_Assignment_. An exact restatement of all the data is required, with the pictures left out.

_Material provided_.
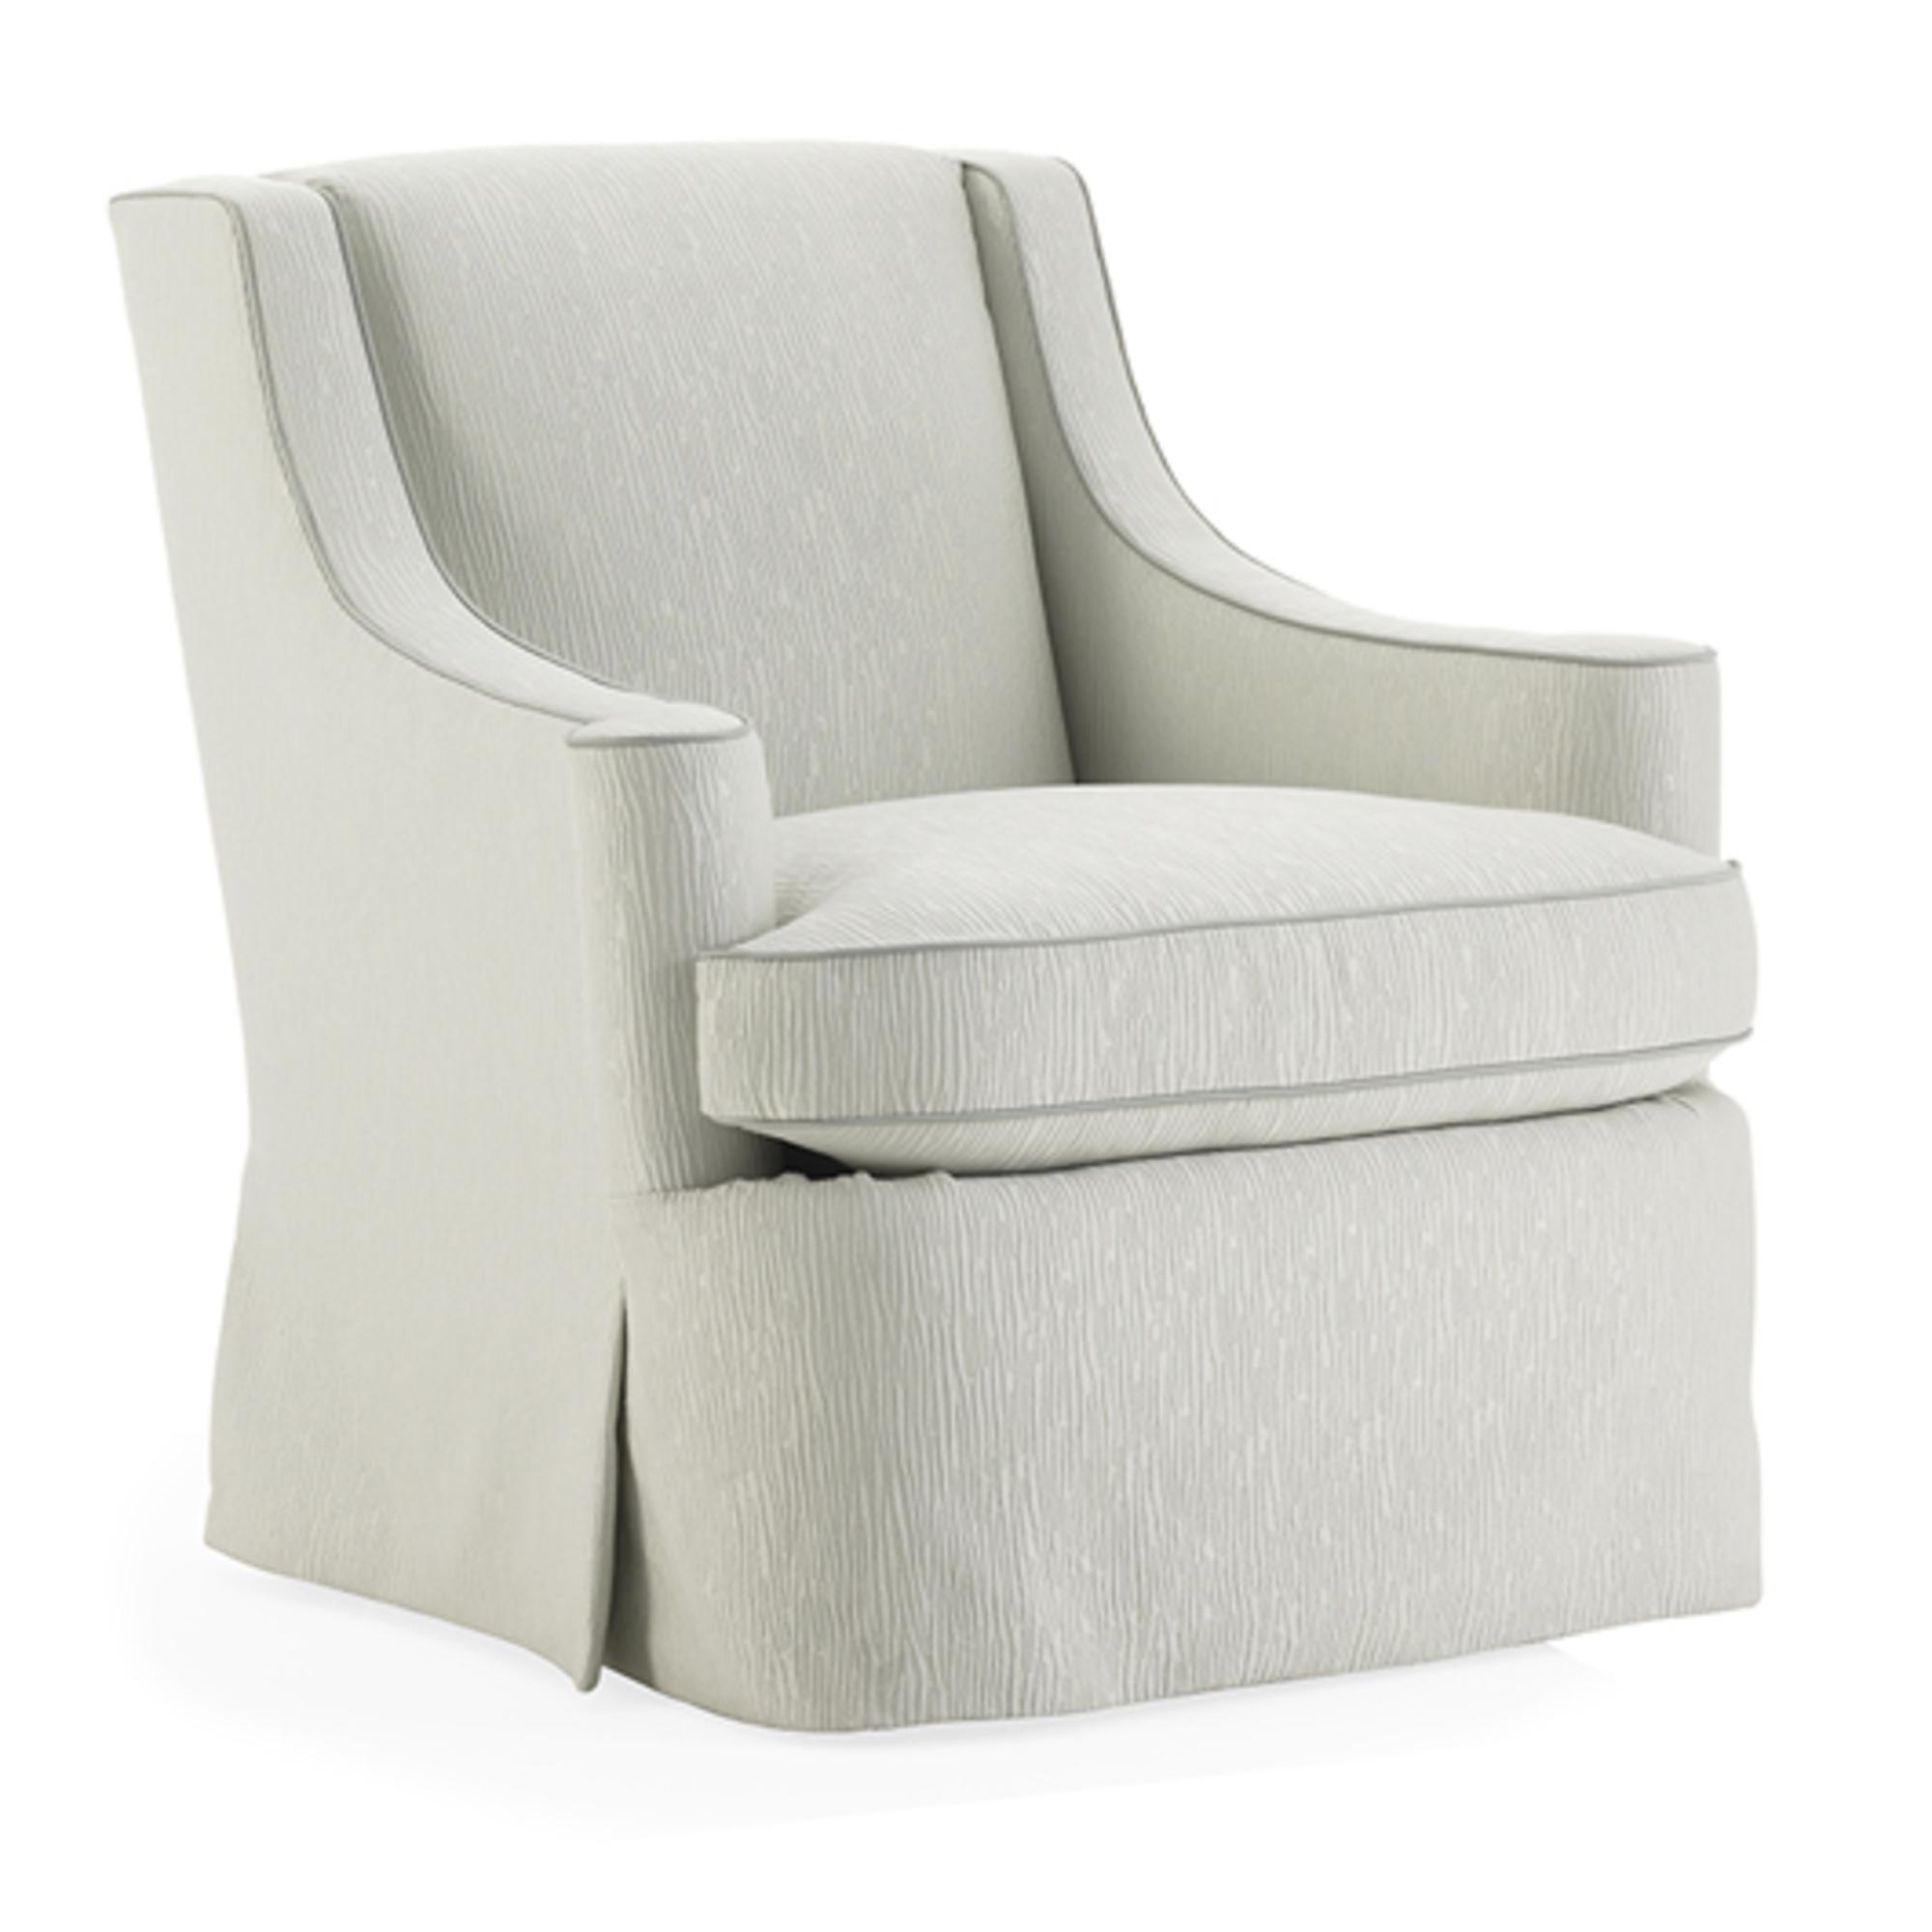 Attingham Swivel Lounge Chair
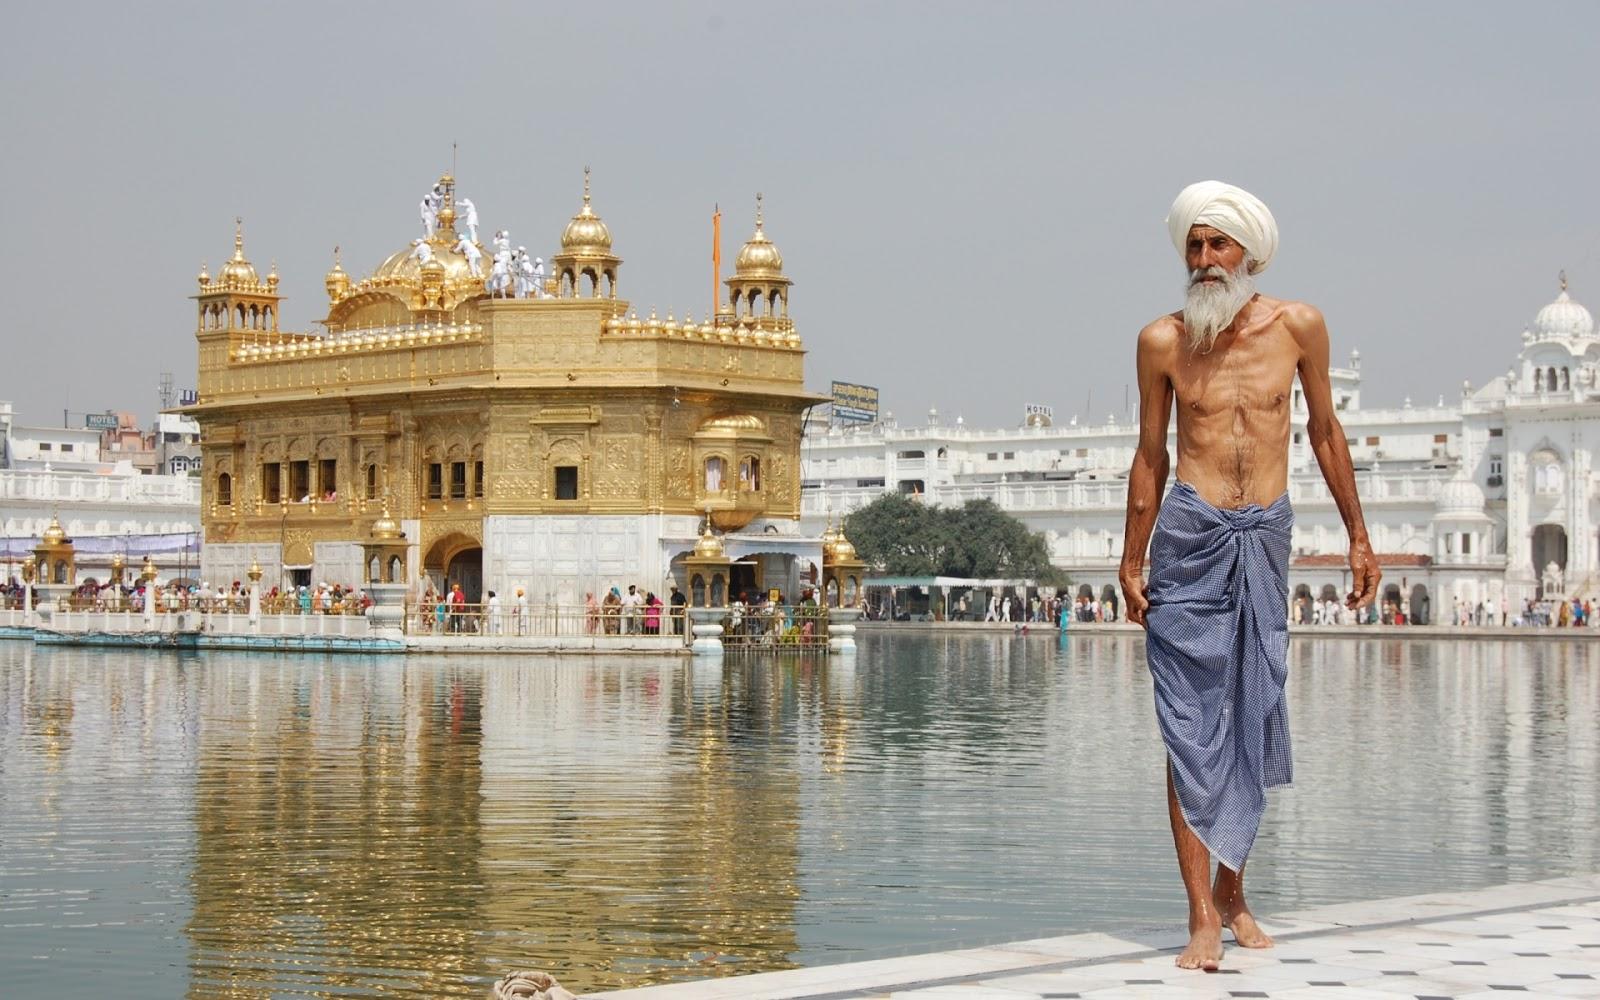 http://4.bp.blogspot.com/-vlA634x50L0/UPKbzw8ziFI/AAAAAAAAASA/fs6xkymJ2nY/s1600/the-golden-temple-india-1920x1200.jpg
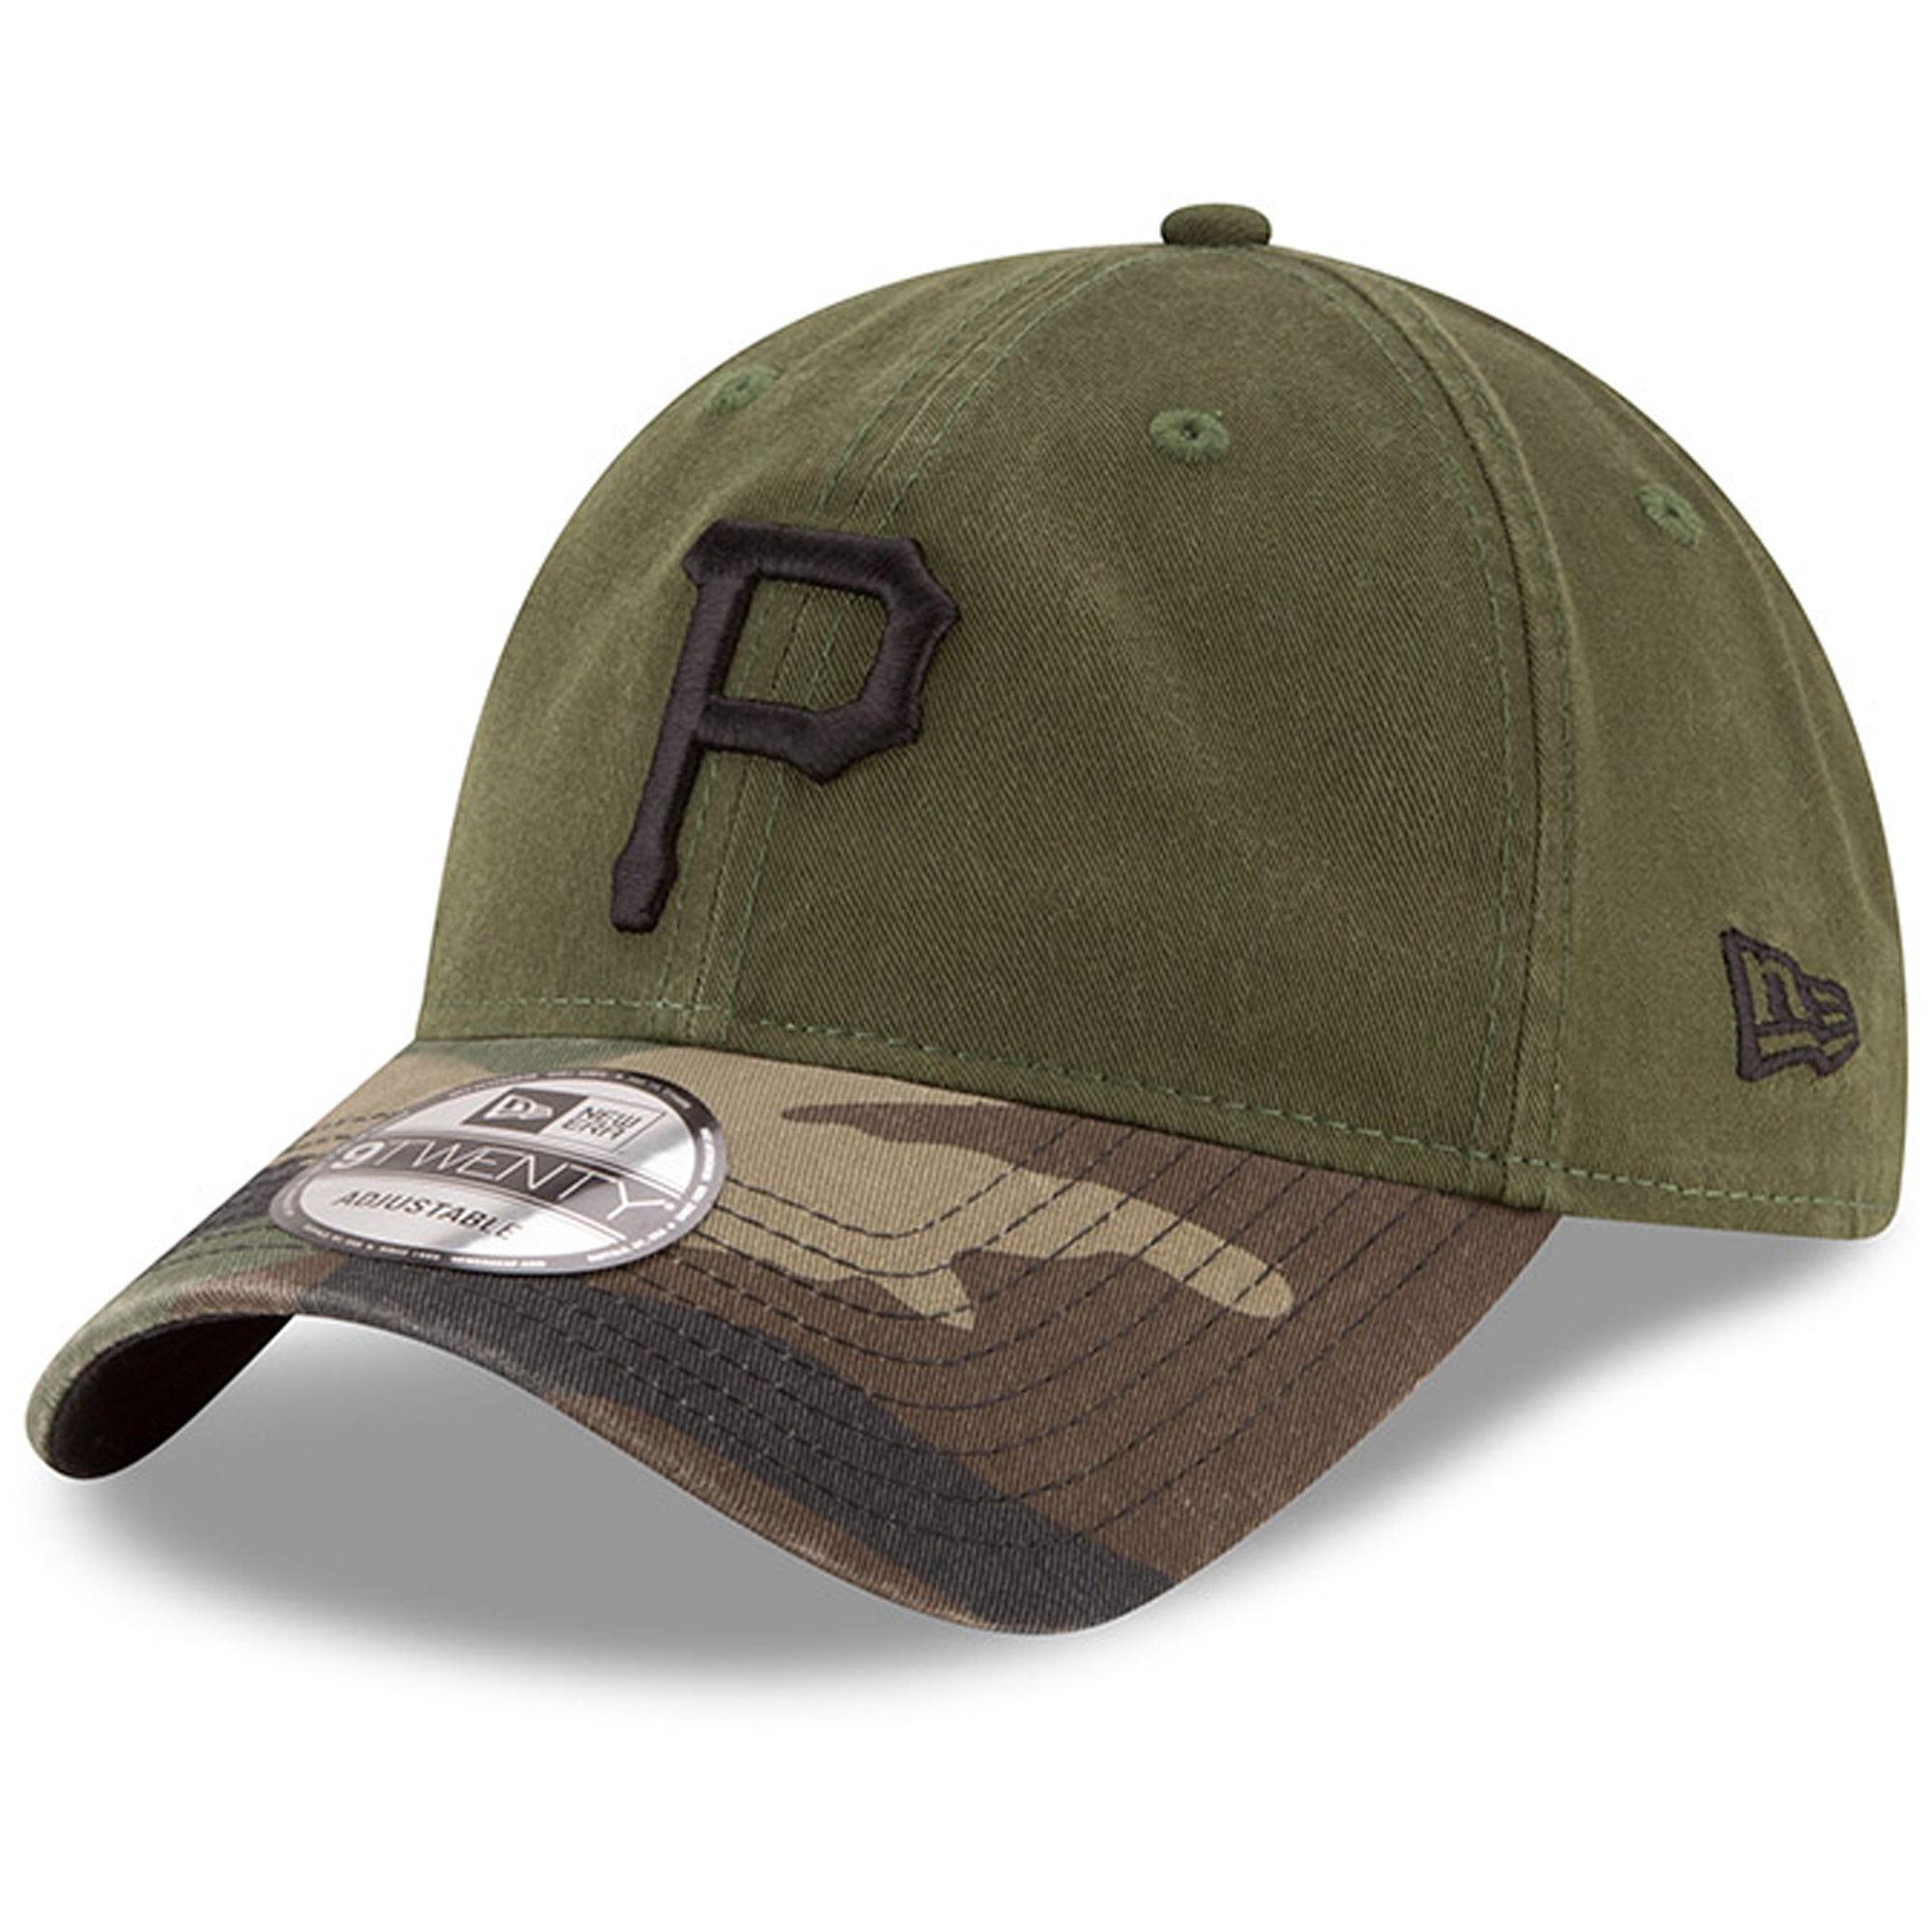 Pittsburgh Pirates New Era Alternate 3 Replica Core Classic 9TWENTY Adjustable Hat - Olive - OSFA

_Solution_.
 Attingham Swivel Lounge Chair
 http://4.bp.blogspot.com/-vlA634x50L0/UPKbzw8ziFI/AAAAAAAAASA/fs6xkymJ2nY/s1600/the-golden-temple-india-1920x1200.jpg
 Pittsburgh Pirates New Era Alternate 3 Replica Core Classic 9TWENTY Adjustable Hat - Olive - OSFA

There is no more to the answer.